Östavalls IF
- Full name: Östavalls Idrottsförening
- Founded: 1928
- Ground: Skogsvallens IP Östavall Sweden
- Chairman: Erik Lövgren
- League: Division 4 Medelpad
| Home colours | Away colours |

= Östavalls IF =

Swedish football club

Östavalls IF is a Swedish football club located in Östavall.

==Background==
Östavalls IF currently plays in Division 3 Mellersta Norrland which is the fifth tier of Swedish football. They play their home matches at the Skogsvallens IP in Östavall.

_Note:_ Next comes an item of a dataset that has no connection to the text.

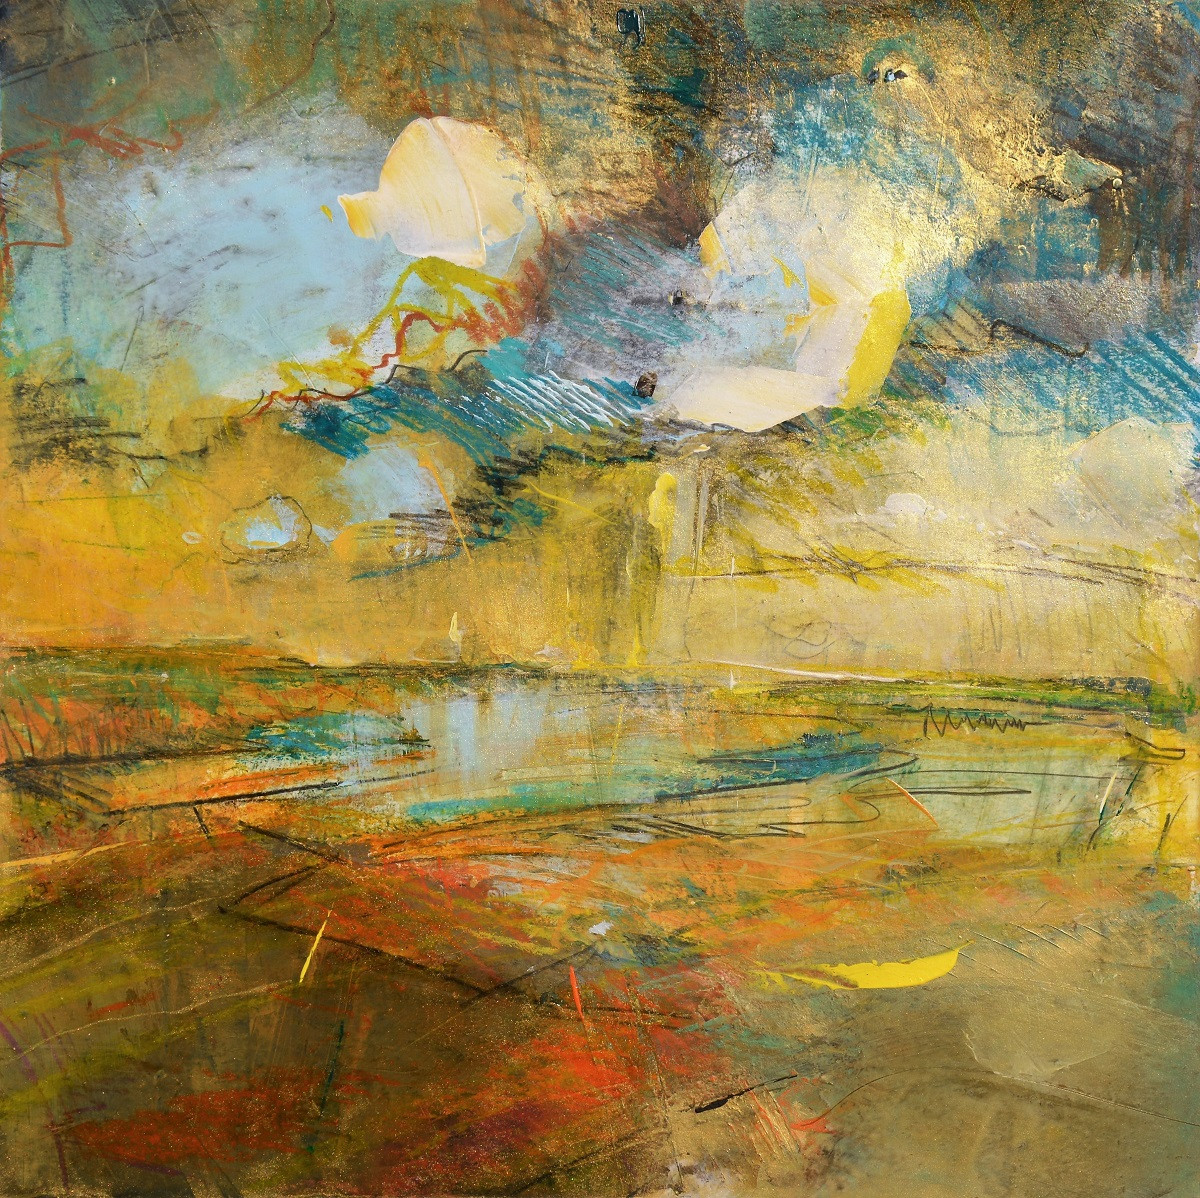 Abstract Landscape Art     Kim McAninch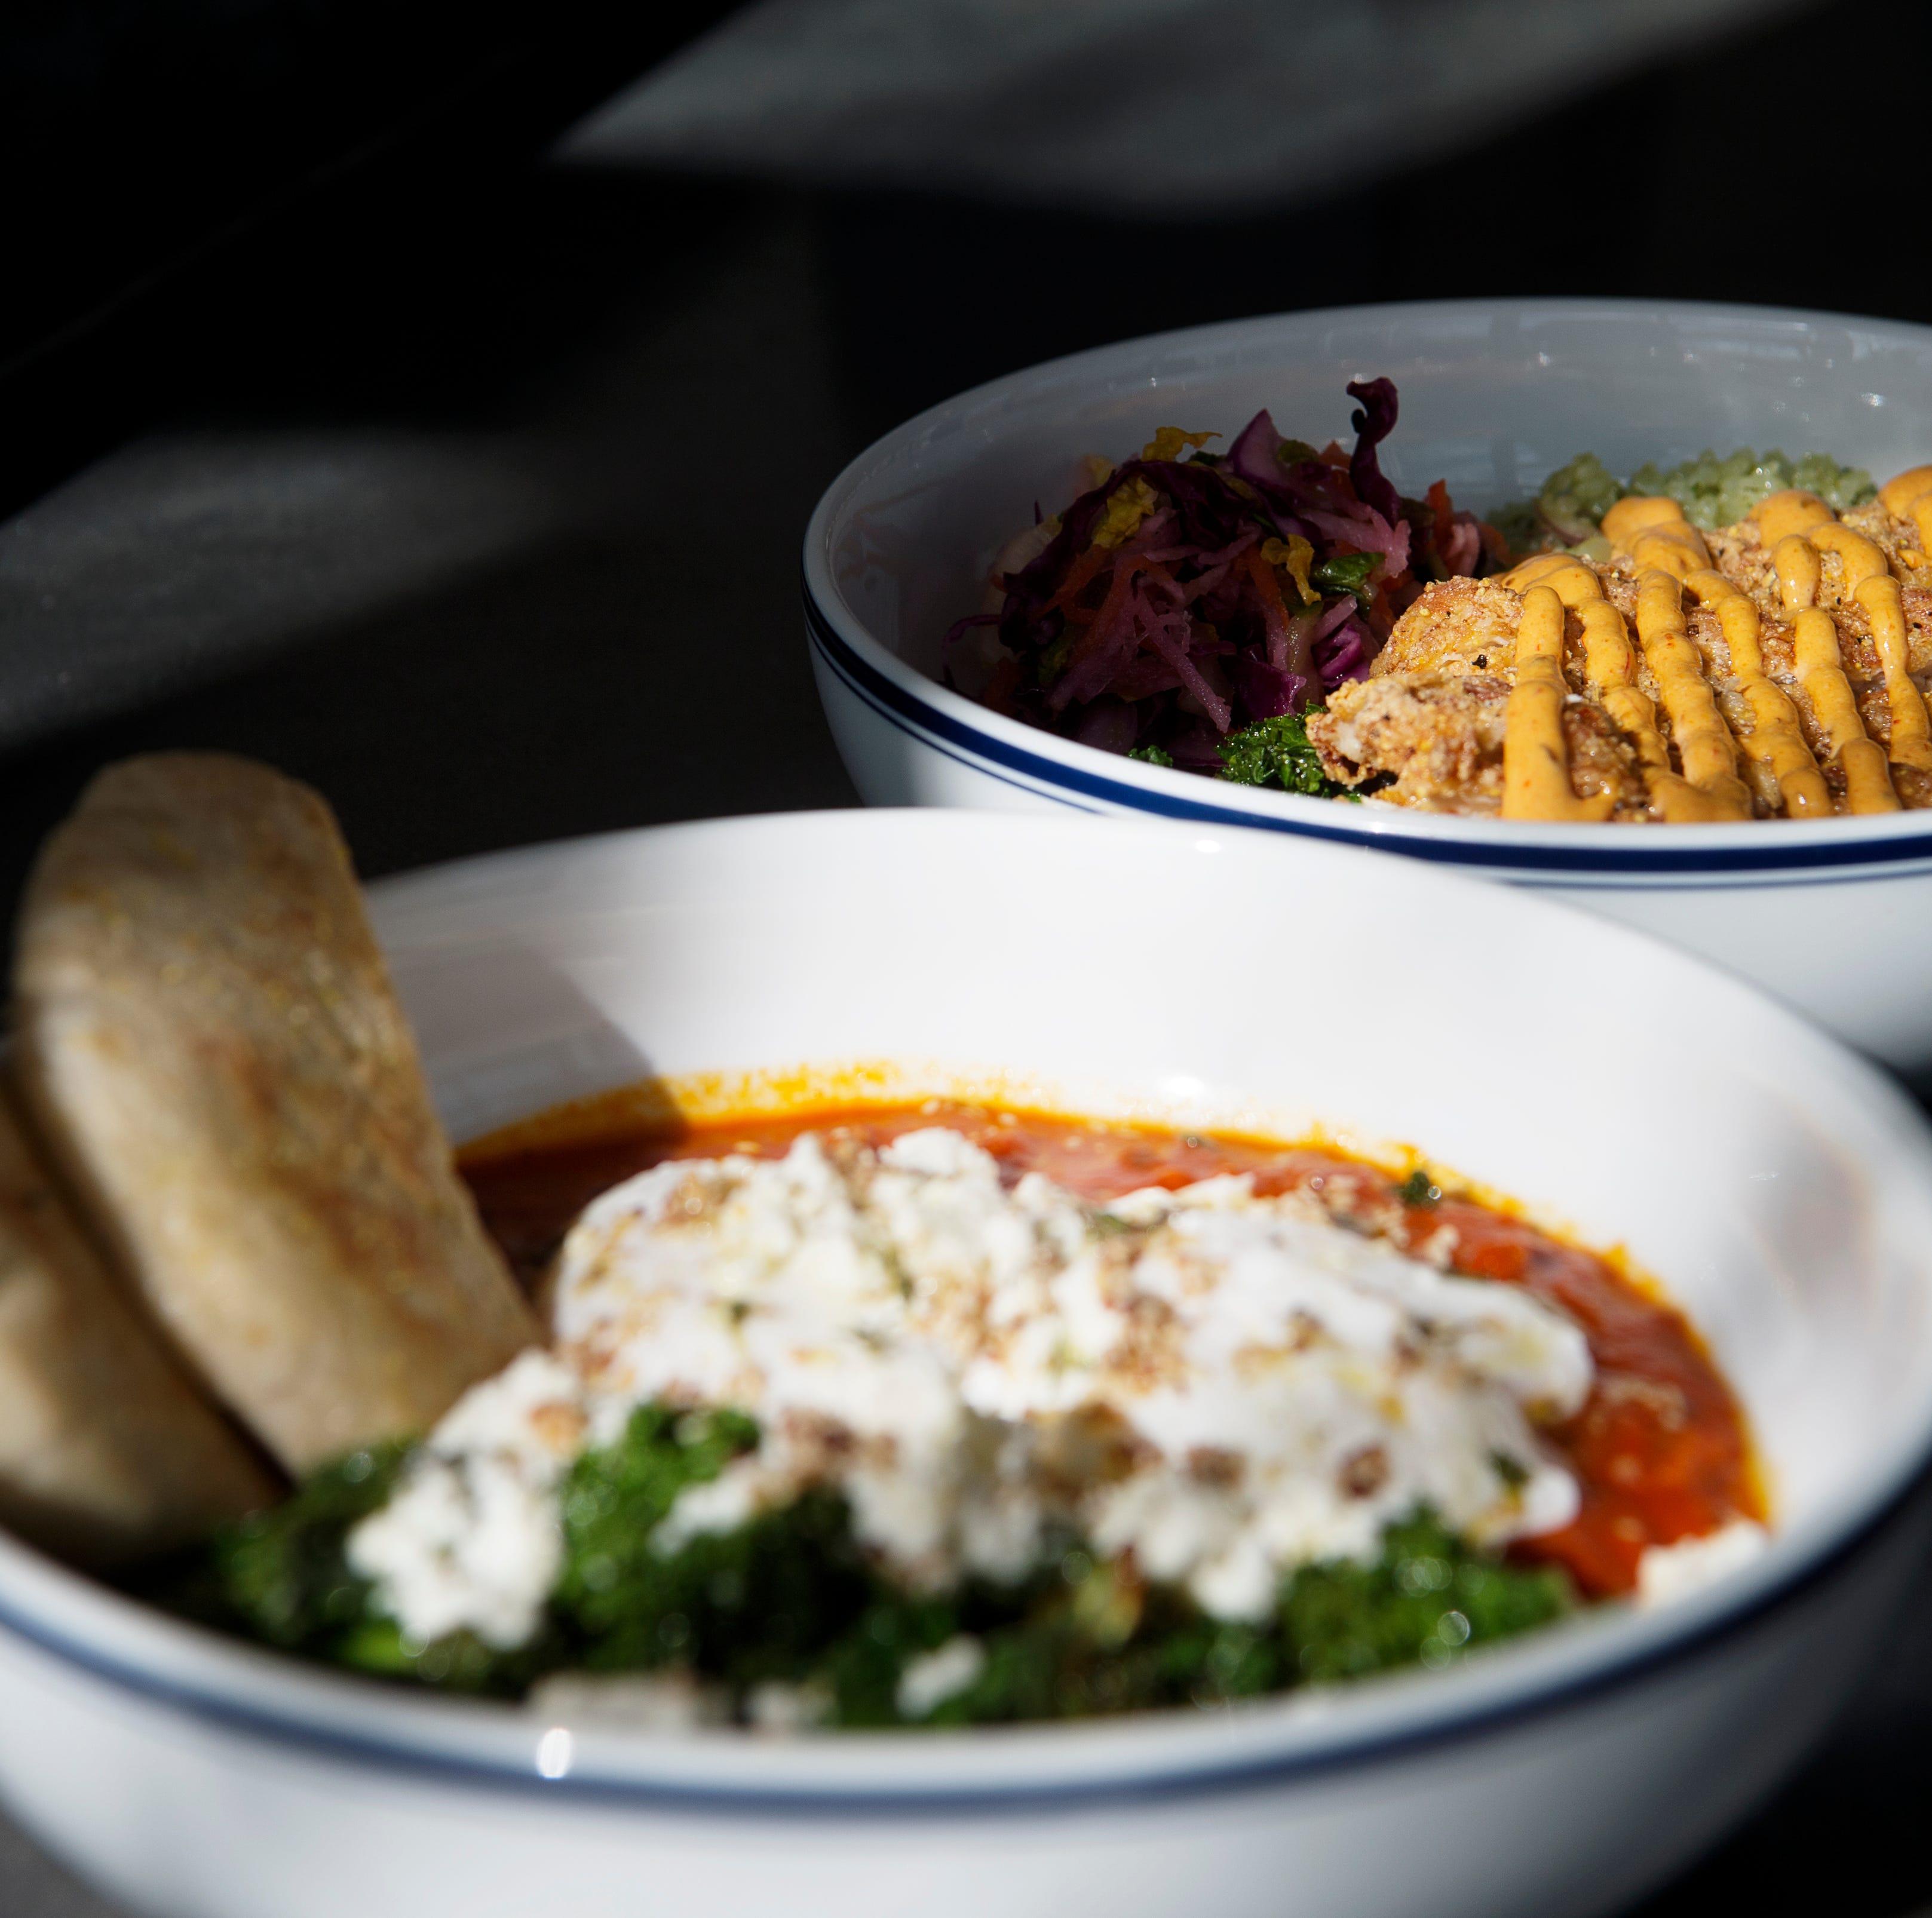 Food writer's Mackensy Lunsford's 6 picks for Mother's Day brunch

The club is affiliated to Medelpads Fotbollförbund.

==Season to season==

| Season | Level | Division | Section | Position | Movements |
|---|---|---|---|---|---|
| 2004 | Tier 5 | Division 4 | Medelpad | 5th |  |
| 2005 | Tier 5 | Division 4 | Medelpad | 6th |  |
| 2006* | Tier 6 | Division 4 | Medelpad | 3rd |  |
| 2007 | Tier 6 | Division 4 | Medelpad | 10th | Relegated |
| 2008 | Tier 7 | Division 5 | Medelpad | 1st | Promoted |
| 2009 | Tier 6 | Division 4 | Medelpad | 7th |  |
| 2010 | Tier 6 | Division 4 | Medelpad | 4th |  |
| 2011 | Tier 6 | Division 4 | Medelpad | 7th |  |

- League restructuring in 2006 resulted in a new division being created at Tier 3 and subsequent divisions dropping a level.